Это теперь, когда его не стало, я понял, что он был плоть от плоти дитя грязного полузаброшенного Майкудука, которому он сохранил верность в далекой Германии.
Это теперь я понял, что я такой же, как и он! Мы, дети засранных шахтерских городков, дети конца пятидесятых годов, воспитывавшиеся на образе Павки Корчагина из романа Островского “Как закалялась сталь” в школе, и воровской романтике на улице - одновременно.

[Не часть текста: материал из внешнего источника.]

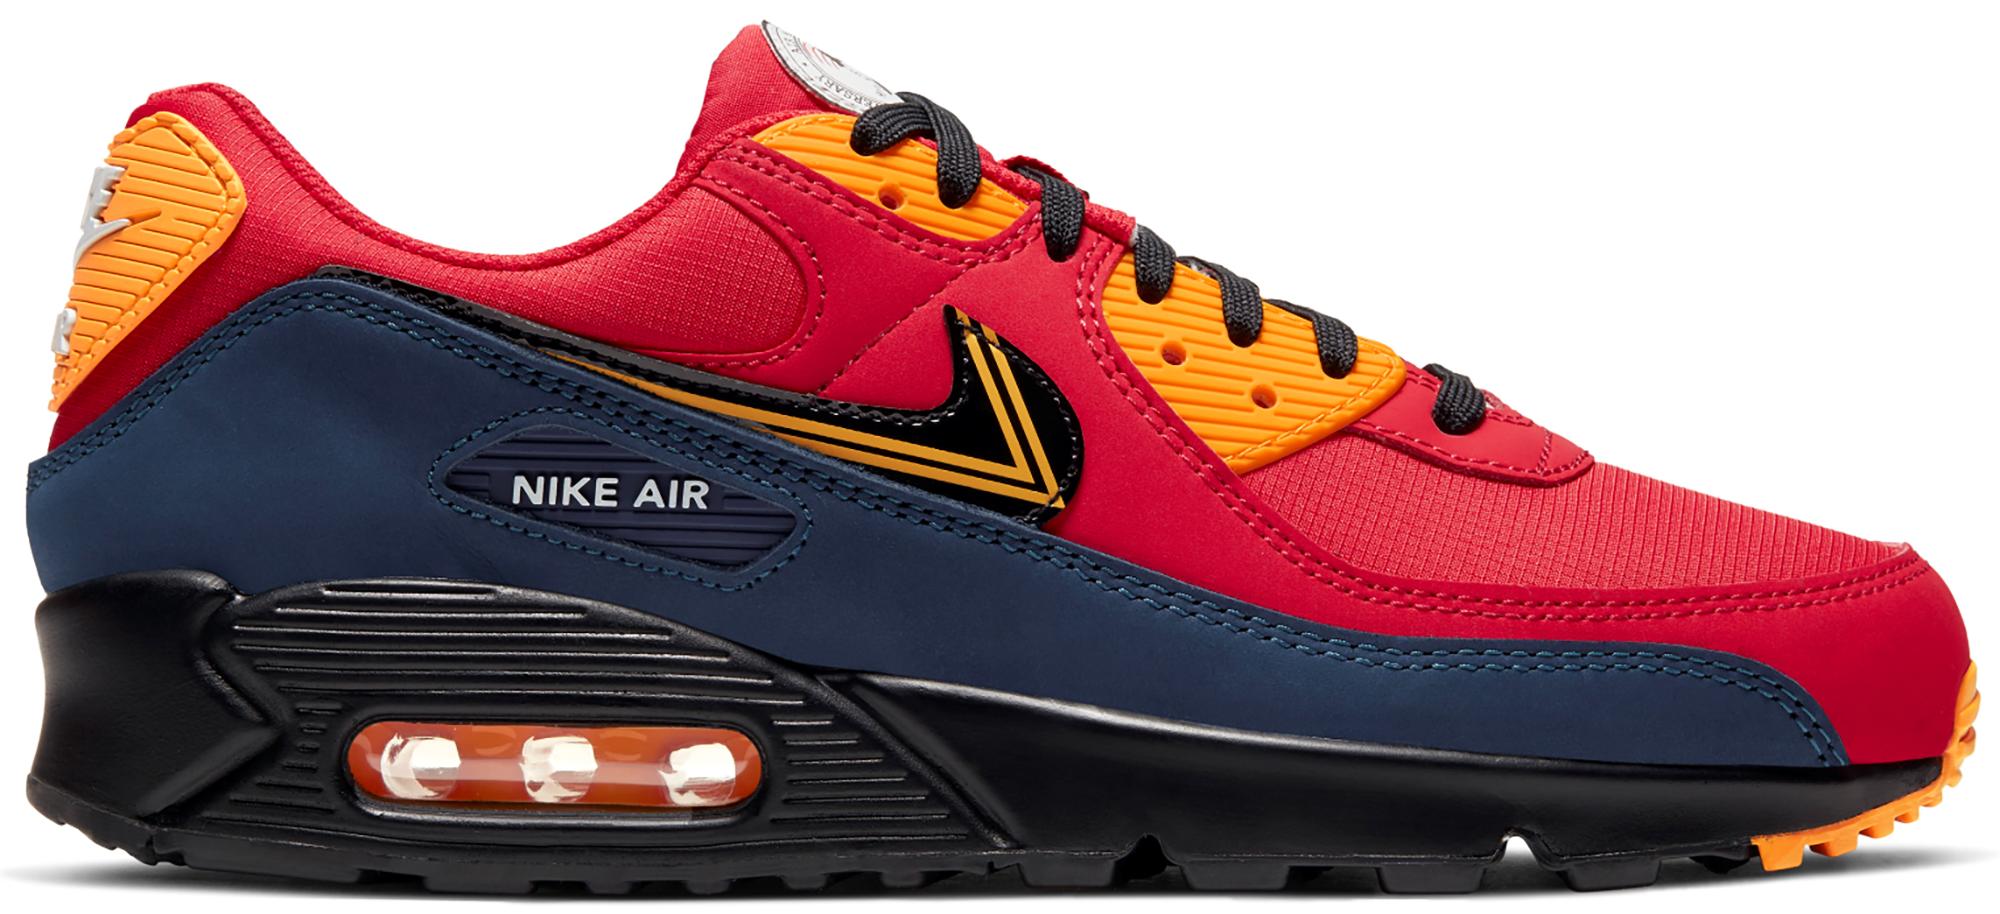 Nike Air Max 90 City Pack London (2020

Мы, дети из обоссаных подъездов, прошедшие вихревые, злобные драки по принципу “край на край”, когда в ход шло все подряд: руки, ноги, зубы, колья, арматура, кастеты, свинчатки, когда крушатся ребра и трещат черепа.
Во всем этом, мы впитали в себя, вместе с кровью с разбитых губ и носов, вместе с болью в сломанных ребрах, понятие – Родина!
Расставались мы долго, шумно прощались, давая обещание созвониться. Опять и опять о чем-то заговаривали, в душе не желая расставаться. Но мы были еще молоды, еще полны сил и планов, еще полны решимости жить и дерзать.
О плохом нам тогда не думалось, и потому, обнявшись еще раз, мы разъехались в разные стороны, увозя с собой приятную теплоту от этой встречи на лесной дороге. Разъезжались, чтобы встретиться потом еще.
История пятая
Позже, когда его не станет, кто-то произнесет такие слова: “Я никогда не видел Георгия унылым, это был неунывающий человек”
Да, Георгий действительно был человеком с сумасшедшей волей.
24 часа в сутки он был в нескончаемых делах, даже когда спал. Хмурился, сдвигая упрямые брови, поскрипывал зубами во сне, на что-то негодуя, кого-то ругал незлобно.
А с утра просыпался, быстренько приводил себя в порядок, одевал неразлучный галстук, не завтракал, потому что как всегда куда-то опаздывал, прыгал в поджидавшую его у подъезда машину и мчался в город.
Надо было садиться за телефон, узнать, как там их парни в Москве, дозваниваться в Горздрав, ведь они образовали центр по реабилитации наркоманов, послать людей в Топар на выкупленную зону отдыха, где необходимо делать ремонт.
А как там дела в КФБИ – филиале? Привезли ли они необходимую на день для работы валюту, напомнить им о вечерней инкассации обменных валютных пунктов. Девочки в офисе, занимавшиеся под эгидой КФБИ туристическим бизнесом, докладывали в рабочем порядке о своих проблемах. Звонили раз за разом телефоны, он хватал то одну, то другую трубку, с кем-то подолгу говорил, кого-то, невидимого, убеждал, просил, на кого-то рычал в трубку, негодуя.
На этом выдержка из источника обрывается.